An experiment designed to detect and study the Cosmic Dawn’s radio signal has found a home 15km south of where the core of the SKA-Mid telescope will be located in South Africa. The Radio Experiment for the Analysis of Cosmic Hydrogen (REACH), led by the University of Cambridge and Stellenbosch University, brings together radio astronomers and engineers from 16 institutions across four continents.

Occurring at around 378,000 years after the Big Bang, the Cosmic Dawn indicates the time when the very first stars in the Universe appeared and forms one of the core science goals of the SKA telescopes. Visible as a dip in neutral hydrogen emission at low radio frequencies, the Cosmic Dawn signal is many thousands of times weaker than foreground emission, making it challenging to reliably detect and analyse.
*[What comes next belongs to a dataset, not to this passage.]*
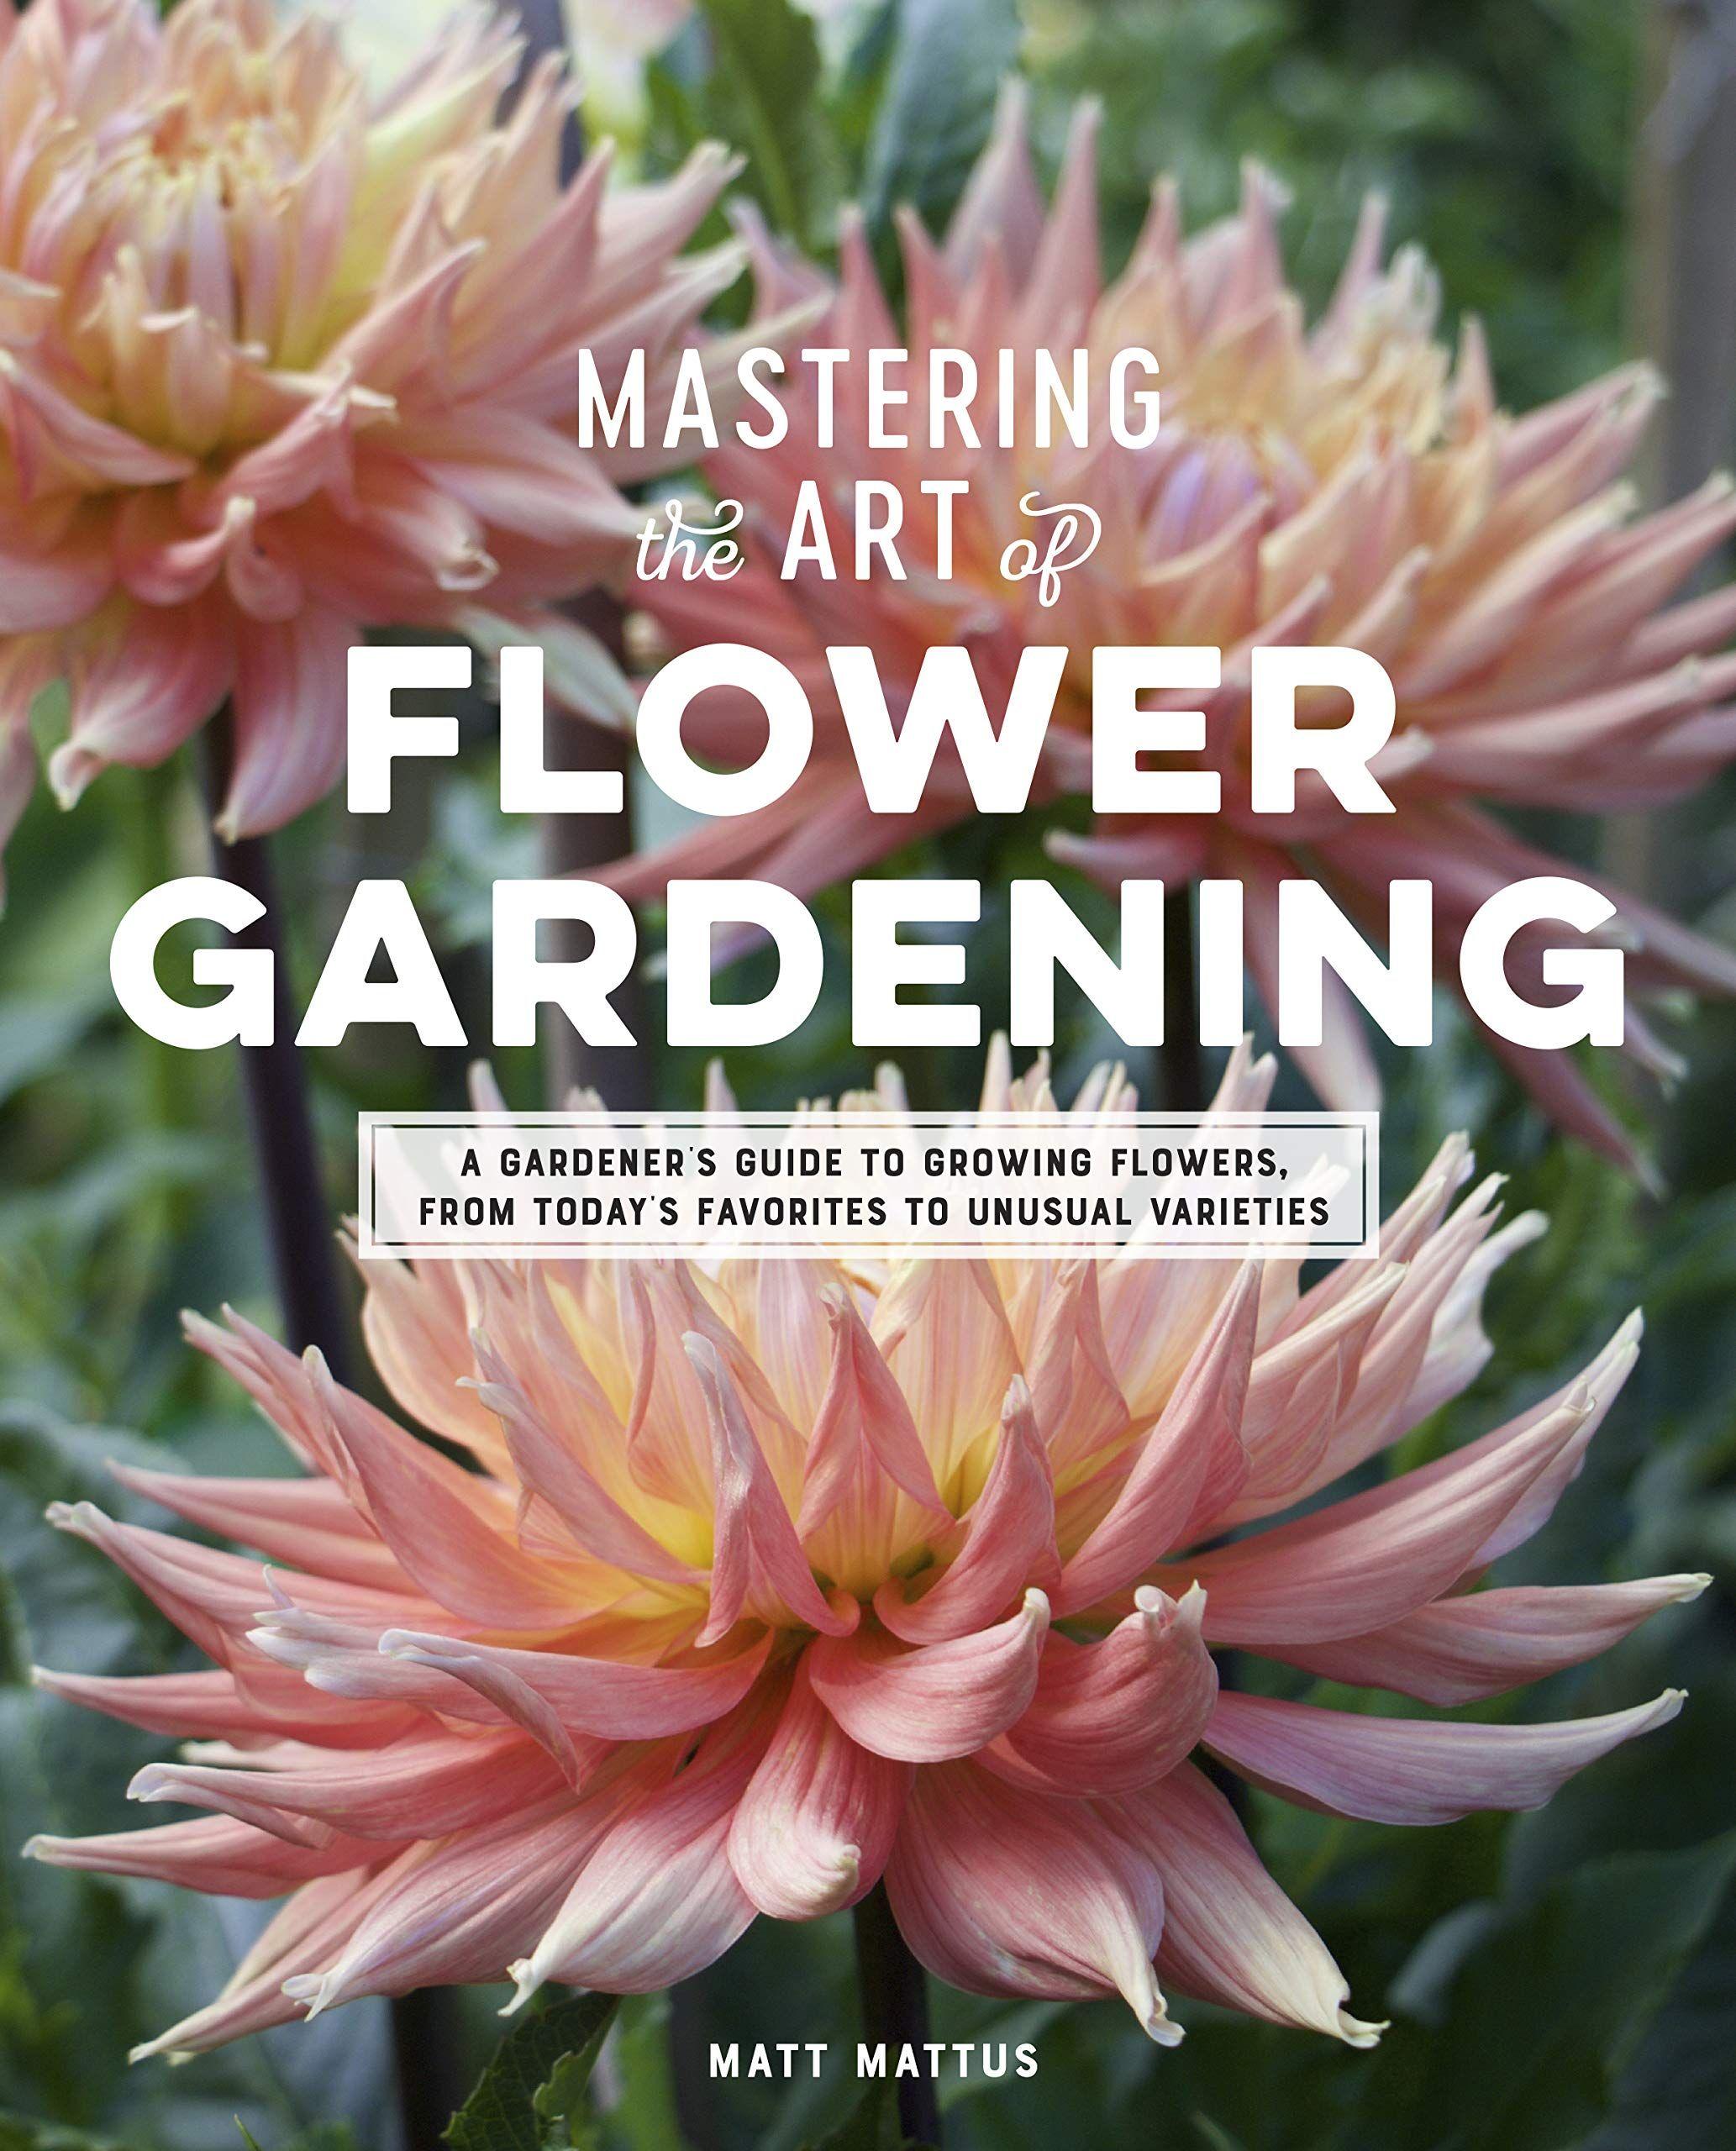 Mastering the Art of Flower Gardening by Matt Mattus

The REACH team will use novel techniques to understand the components that make up the Cosmic Dawn signal, employing both a wideband dipole and a log spiral antenna to identify instrumental effects. They will perform joint fitting of the data using models of the cosmological signal, the foreground emission, and instrumental effects, helping to shed light on previous Cosmic Dawn observations.

“We are truly excited about the prospect of starting observations in 2022,” said REACH’s principal investigator from the University of Cambridge, Dr Eloy de Lera Acedo. “We have been preparing our data analysis and calibration pipelines during the pandemic and are ready to shine some light on our understanding of the Cosmic Dawn.”

REACH is expected to be operational in mid-2022, providing timely information to help inform observing strategies and data analysis for the SKAO and future observatories. The experiment is sponsored by the Kavli Institute for Cosmology in Cambridge, Stellenbosch University, South Africa’s National Research Foundation, the Cambridge ALBORADA fund and the UK’s Science and Technology Facilities Council (STFC).

The REACH team during installation of the first antenna.